Madame [T] [R] épouse [R]

née le 19 mars 1969 à [Localité 5]

[Adresse 1]

[Localité 3]



représentée par Me Delphine HUAN-PINCON, av...

N° RG 23/00001 - N° Portalis DBV2-V-B7H-JIEA

COUR D'APPEL DE ROUEN

JURIDICTION DU PREMIER PRÉSIDENT

ORDONNANCE DE RÉFÉRÉ

DU 8 MARS 2023

DÉCISION CONCERNÉE :

Décision rendue par le tribunal judiciaire d'Evreux en date du 15 novembre 2022

DEMANDERESSE :

Sasu APB IMMOBILIER

exerçant sous le nom commercial STEPHANE PLAZZA IMMOBILIER

RCS Evreux 839 209 681

[Adresse 4]

[Localité 2]

représentée par Me Hélène SEGURA, avocat au barreau de l'Eure

DÉFENDERESSE :

Madame [T] [R] épouse [R]

née le 19 mars 1969 à [Localité 5]

[Adresse 1]

[Localité 3]

représentée par Me Delphine HUAN-PINCON, avocat au barreau de l'Eure plaidant par Me Oriane STURBOIS

DÉBATS  :

En salle des référés, à l'audience publique du 8 février 2023, où l'affaire a été mise en délibéré au 8 mars 2023, devant Mme Edwige WITTRANT, présidente de chambre à la cour d'appel de Rouen, spécialement désignée par ordonnance de la première présidente de ladite cour pour la suppléer dans les fonctions qui lui sont attribuées,

Assistée de Mme Catherine CHEVALIER, greffier,

DÉCISION :

Contradictoire

prononcée publiquement le 8 mars 2023, par mise à disposition de l'ordonnance au greffe de la cour, les parties en ayant été préalablement avisées dans les conditions prévues au deuxième alinéa de l'article 450 du code de procédure civile,

signée par Mme WITTRANT, présidente de chambre et par Mme CHEVALIER, greffier présent lors de la mise à disposition.

*****

Le 21 avril 2020, Mme [T] [N] épouse [R] a conclu un contrat d'agent commercial immobilier avec la Sasu Apb immobilier, contrat rompu par l'agent par lettre du 9 mars 2022.

Se plaignant de manquements à ses obligations de loyauté et d'information de la part de la société, Mme [R] l'a assignée par acte d'huissier du 12 mai 2022 en réparation des dommages subis.

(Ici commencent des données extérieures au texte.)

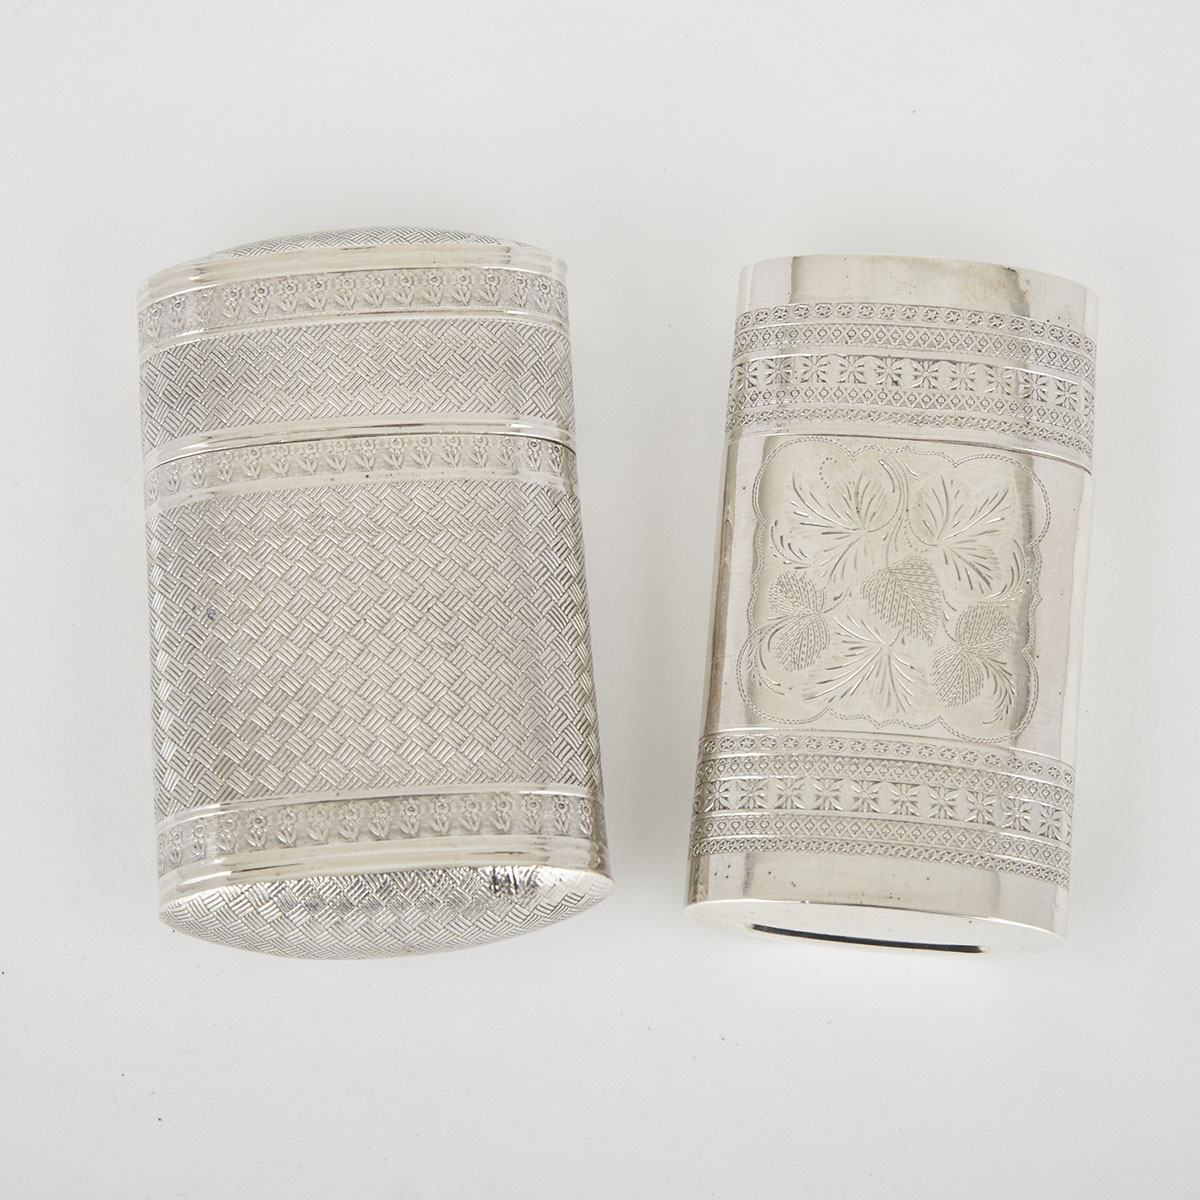 Two Silver Cigar Cases, late 19th century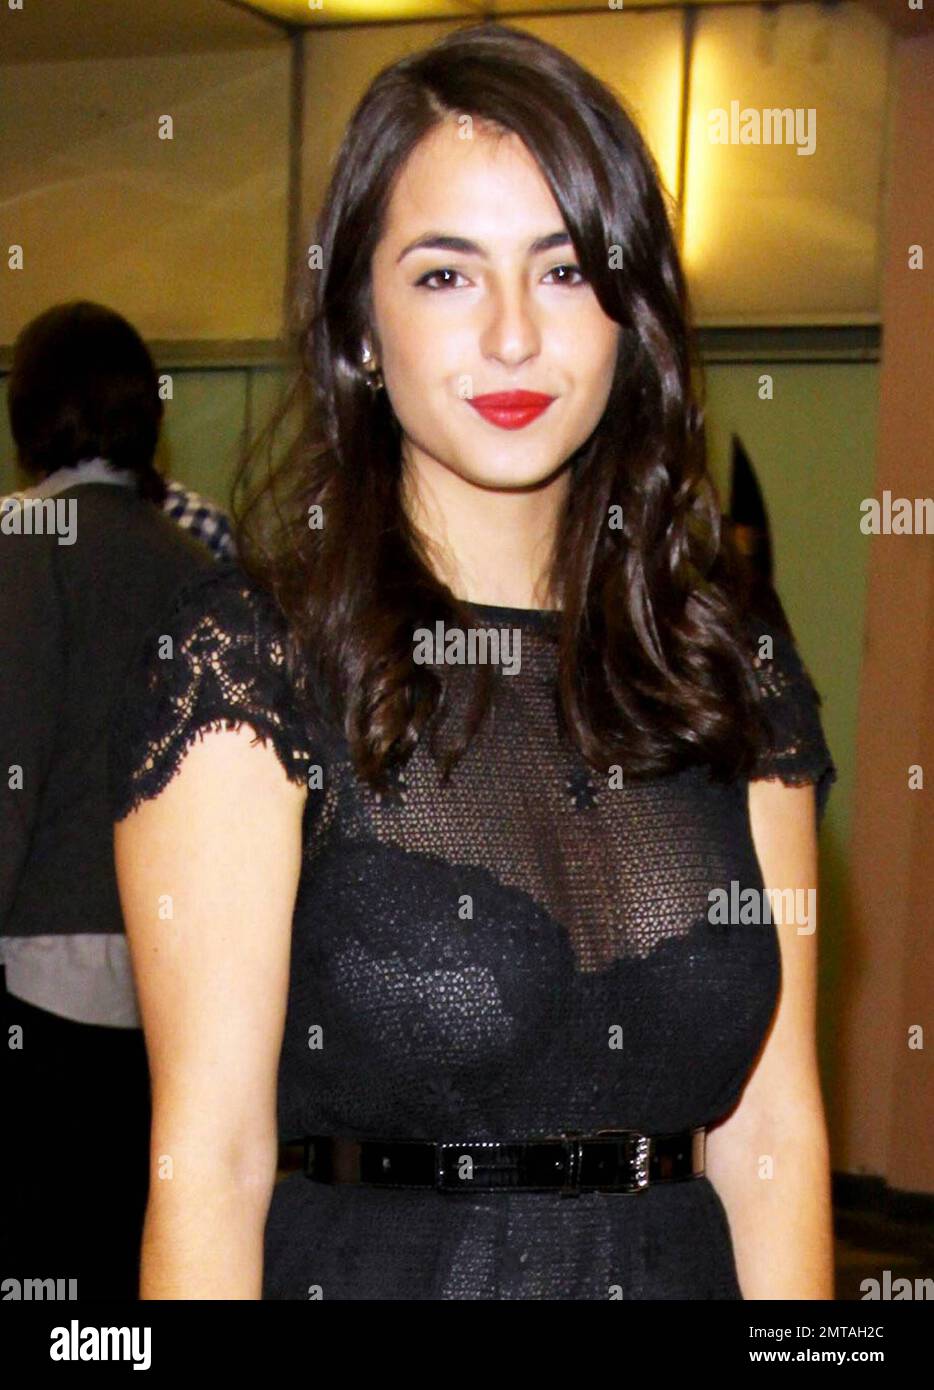 Alanna Masterson arrives at the premiere of 'Peach Plum Pear' held at Regent Showcase Cinema during the Hollywood Reel Film Festival.  'Peach Plum Pear' stars Alanna, sister of 'That '70s Show' actor Danny Masterson. Los Angeles, CA. 12/16/10. Stock Photo

Par jugement réputé contradictoire du 15 novembre 2022, le tribunal judiciaire d'Evreux a :

- condamné la Sasu Apb immobilier à payer à Mme [T] [R] la somme de 43 5248,41 euros au titre de l'indemnité compensatrice,

- condamné la Sasu Apb immobilier aux dépens,

- condamné la Sasu Apb immobilier à payer à Mme [T] [R] la somme de

1 500 euros au titre de l'article du code de procédure civile,

- rappelé l'exécution provisoire de la décision.

Par déclaration reçue au greffe le 27 décembre 2022, la Sasu Apb immobilier a formé appel du jugement.

Par acte d'huissier du 5 janvier 2023, elle a fait assigner en référé Mme [T] [R] afin d'obtenir :

à titre principal,

- l'arrêt de l'exécution provisoire du jugement entrepris,

à titre subsidiaire,

- l'aménagement de l'exécution provisoire attachée au jugement entrepris en autorisant la consignation des sommes entre les mains du bâtonnier du barreau d'Evreux ou de tout autre séquestre à désigner,

en tout état de cause,

- la condamnation de chacune des parties à supporter les frais inhérents à l'instance.

Elle précise en premier lieu, que Mme [R] a fait pratiquer une saisie-attribution sur son compte bancaire qu'elle entend contester devant le juge de l'exécution.

Au visa des articles 514 à 523 du code de procédure civile, elle soutient essentiellement qu'il existe :

- des moyens sérieux de réformation du jugement.

Après avoir rappelé les dispositions particulières applicables à l'agent commercial, elle fait valoir qu'en aucun cas, la rupture initiée par Mme [R] ne peut lui être imputée alors qu'il est établi que l'agent n'effectuait pas correctement ses prestations sans que la société ne provoque la rupture du contrat. En outre, le montant alloué à Mme [R] est discutable dans la mesure où l'agent doit démontrer l'existence du préjudice subi et fournir les éléments permettant son évaluation. Elle reprend la chronologie des faits pour décrire la dégradation des relations professionnelles entre les parties à partir des premiers griefs formulés quant à la qualité du travail fourni par Mme [R] et conteste les manquements qui lui sont reprochés.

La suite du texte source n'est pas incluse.